We need to process a pretty high volume of receipts for expense tracking — we’re talking thousands — and they come from everywhere, different vendors, different formats, some are photos from phones, some are faded thermal paper. Our current process has way too much manual correction involved.
What are people actually using for receipt OCR at scale? Specifically curious how tools hold up on the lower-quality stuff, not just clean crisp receipts. Thanks in advance.
Receipt OCR is one of those things that sounds simple until you’re actually doing it at volume. The variety kills you — thermal paper that’s half-faded, horizontal layouts, inconsistent field placement, tiny fonts. Standard OCR tools will get you the text but won’t understand that the number at the bottom is the total and the one next to “HST” is tax.
For expense-specific use cases, Expensify and Receipts by Wave are genuinely good if your workflow fits their model. Mobile-friendly, reasonable accuracy on standard receipts, plays nicely with accounting software. The limitation is they’re built for expense scenarios and don’t flex much beyond that.
If you need more flexibility, there are a few options worth testing. Rossum has good accuracy though setup takes some time. Amazon Textract is reliable for structured docs and works well if you’re in AWS. Docsumo handles receipts decently with some customization. We’ve used Lido for high-volume processing — it’s built to handle receipt variety without needing templates for each vendor, and the integration with Excel made the workflow pretty straightforward for our team. It identifies totals, tax, merchant names, and dates automatically across different formats.

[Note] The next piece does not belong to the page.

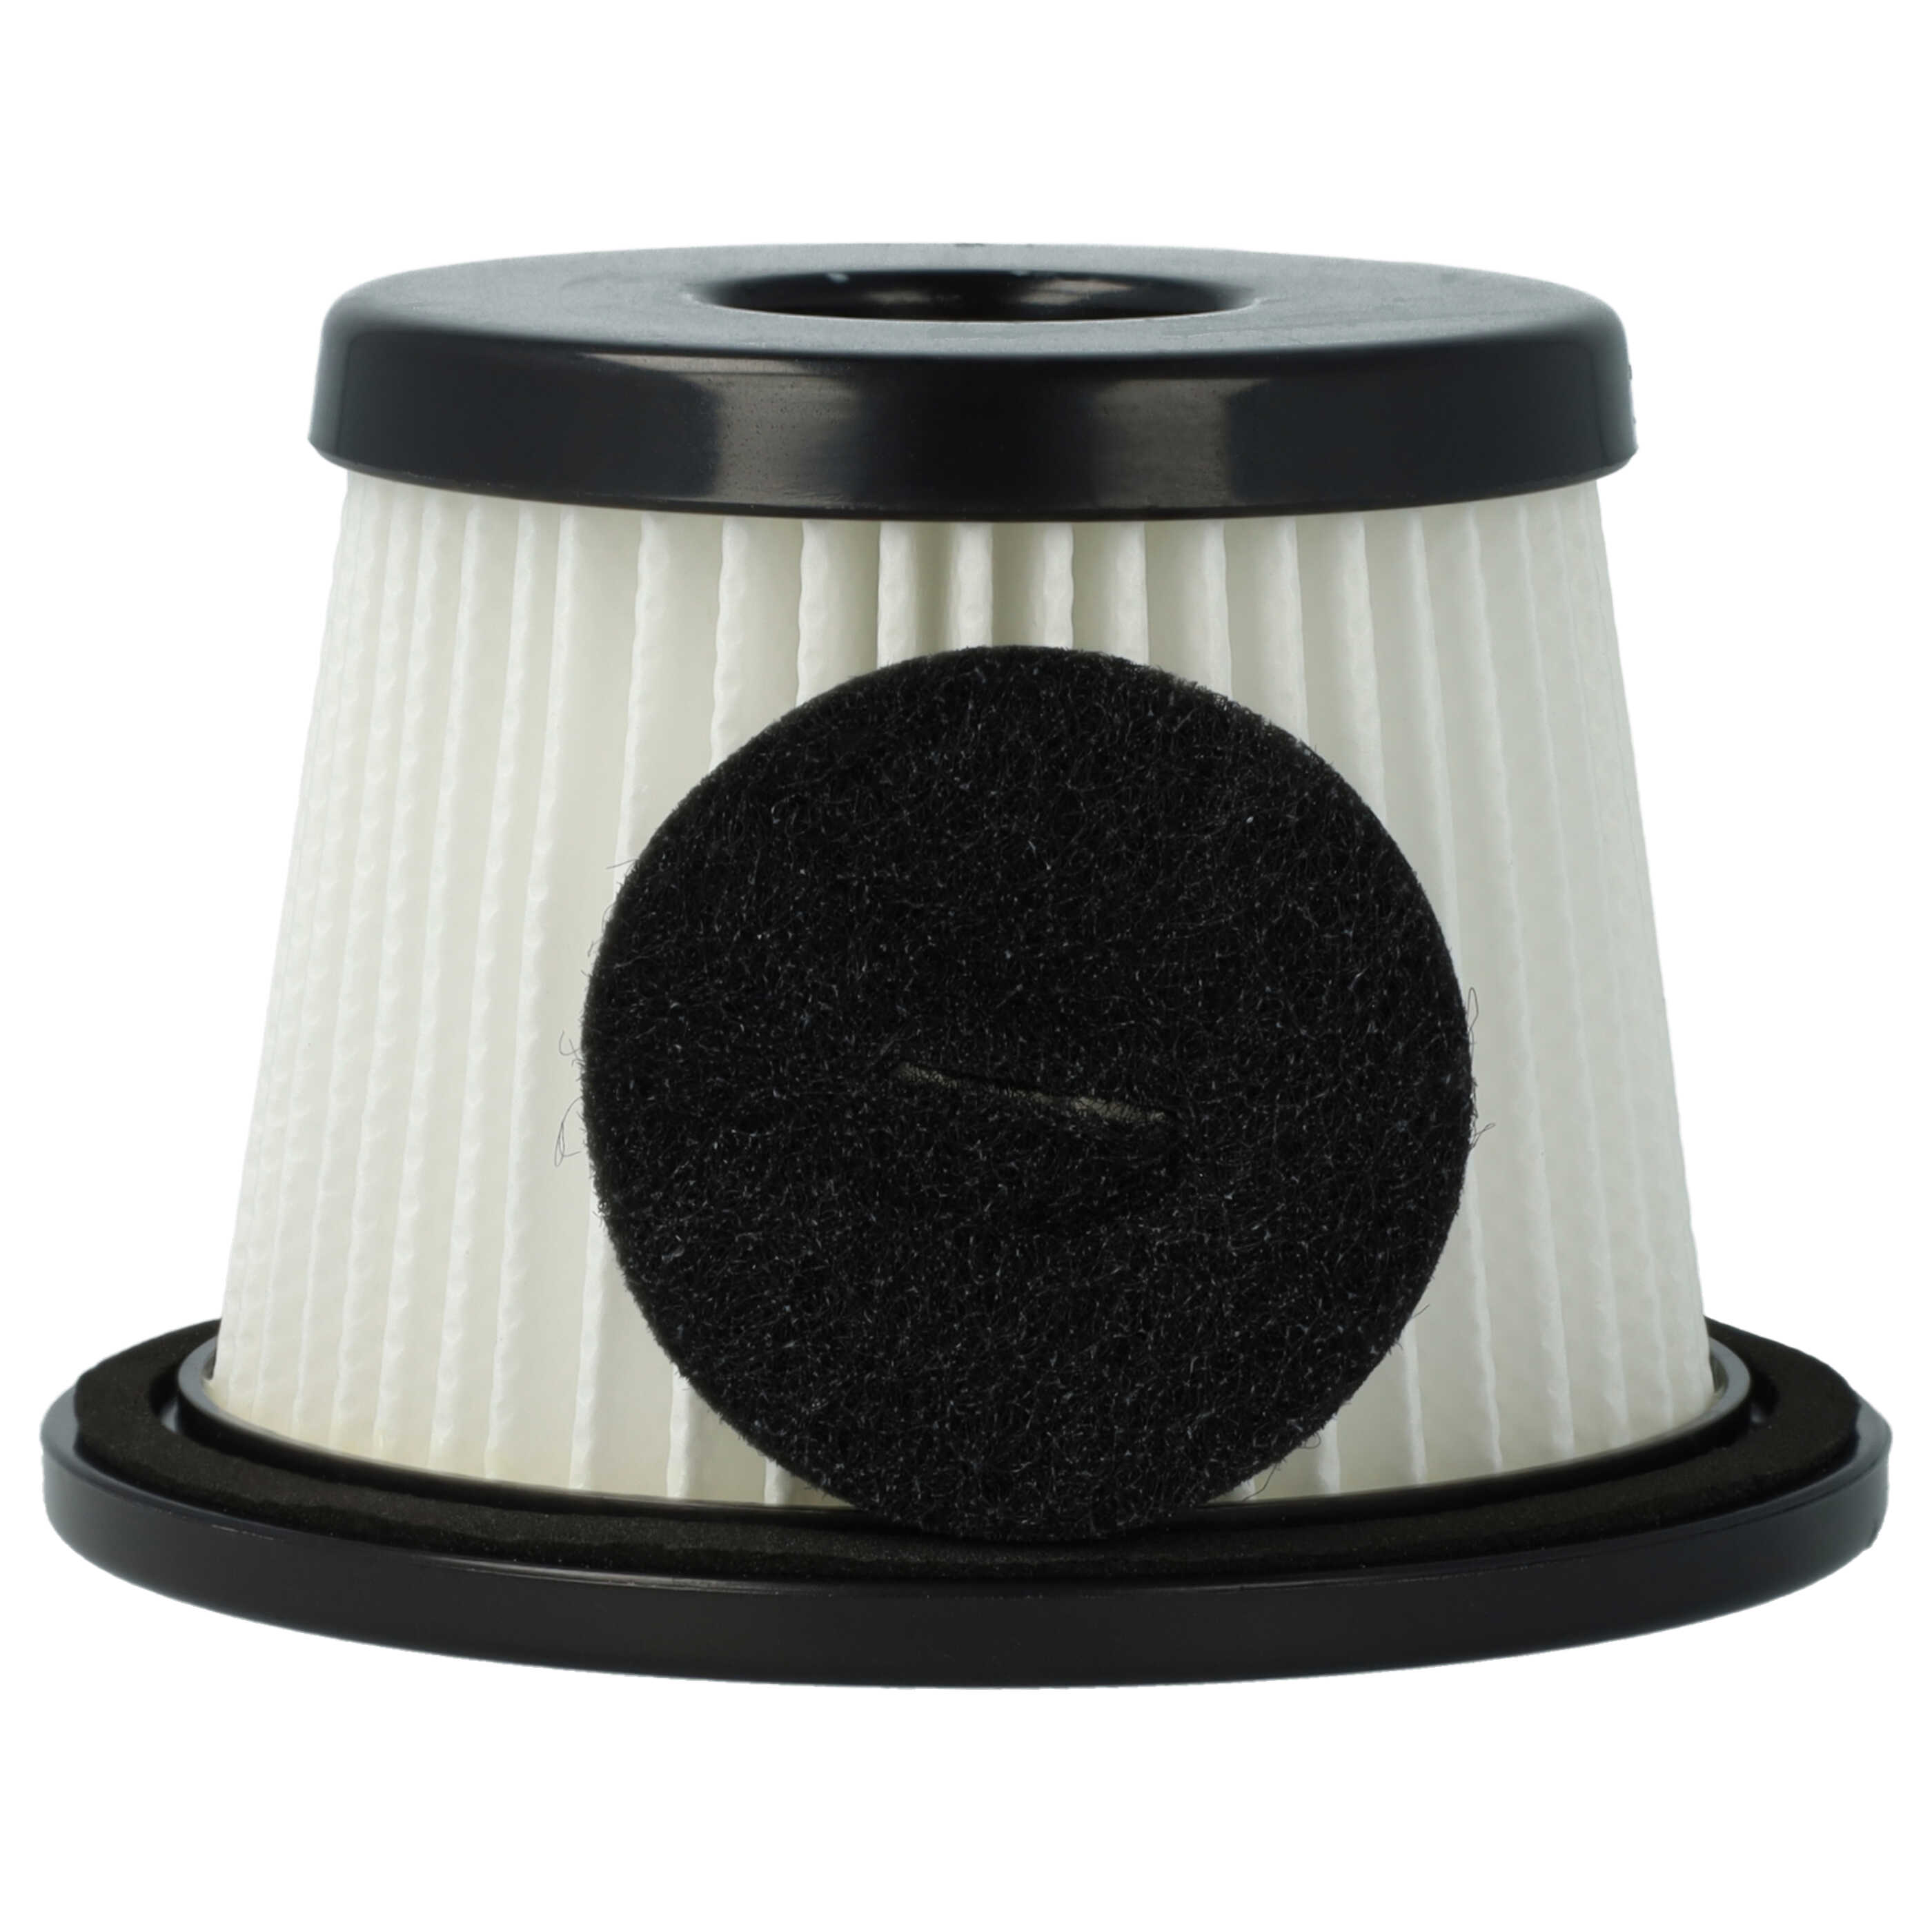 3x Filtro para aspiradora Moosoo K24 - filtro Hepa negro / blanco

A few things I’d actually measure when you’re evaluating: accuracy specifically on totals (you want 99%+ there, errors compound fast), how it handles your worst-quality receipts, and processing speed at your actual volume. The faded thermal paper performance is where tools tend to diverge significantly.

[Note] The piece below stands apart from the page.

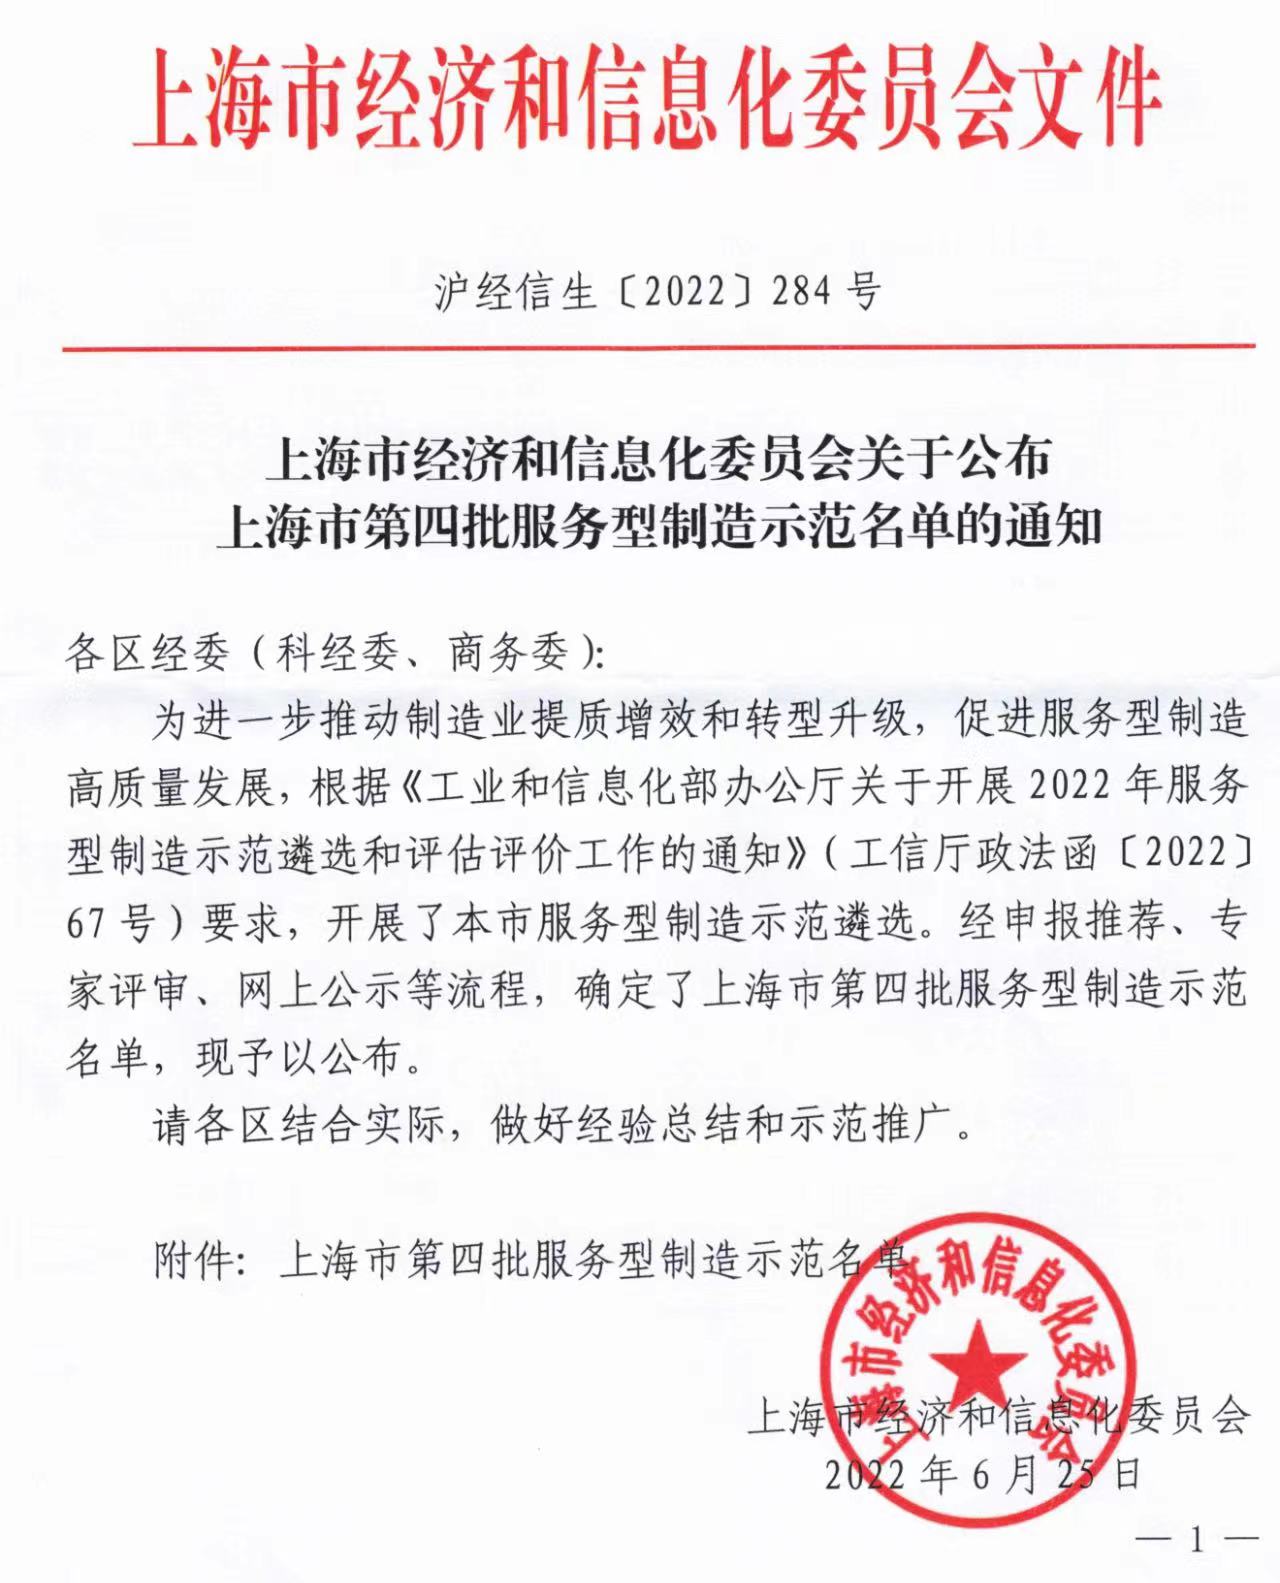 上海业腾荣获“上海市第四批服务型制造示范企业”荣誉称号

FWIW, even the best AI tools are going to need some human review for genuinely bad images — I’d budget for maybe 10-15% needing a second look. Don’t let any vendor tell you otherwise.

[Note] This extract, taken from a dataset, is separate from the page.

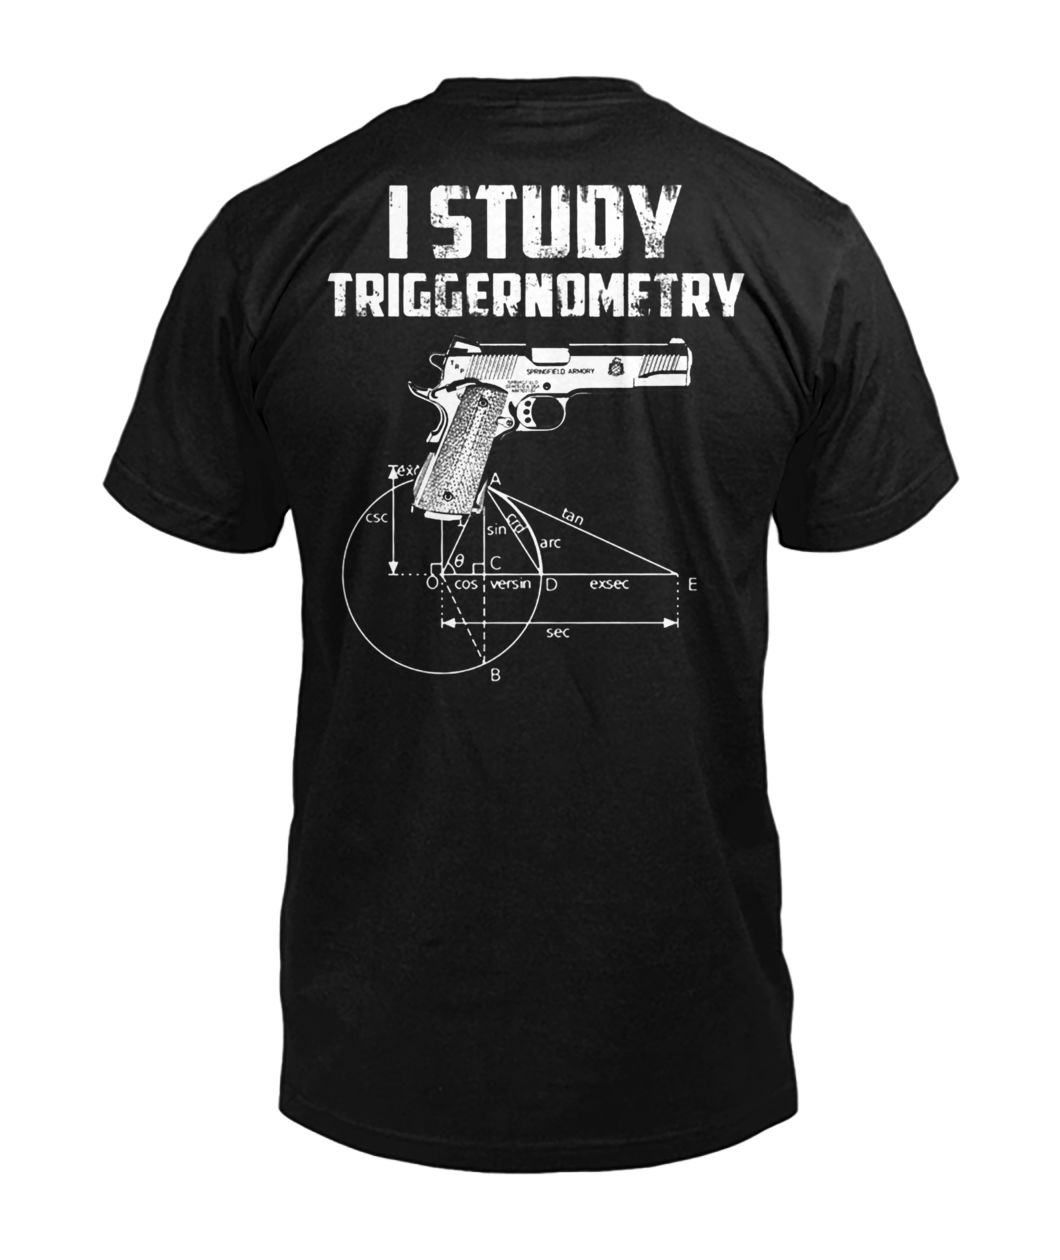 I study triggernometry mens v-neck

That’s actually a really smart way to approach it. We tried going all-in on AI-based from the start and kept running into weirdness with our top vendors where it’d just… decide to interpret things differently run to run. Switched to templates for the high-volume stuff and it made a huge difference in consistency. The AI handles the long tail fine. Hybrid isn’t the most elegant solution but it works.
Same here on Tesseract — free is tempting until you actually see the results on anything less than a perfect scan. We’re a smaller operation than you (maybe 600-700 invoices a month) but the accuracy gap was just too big to ignore. We ended up going with Lido after testing a few options and haven’t looked back. Setup took a bit of time but once it was dialed in, the difference was night and day. Honestly wish we’d just skipped the Tesseract phase entirely, would’ve saved us like two weeks of fiddling.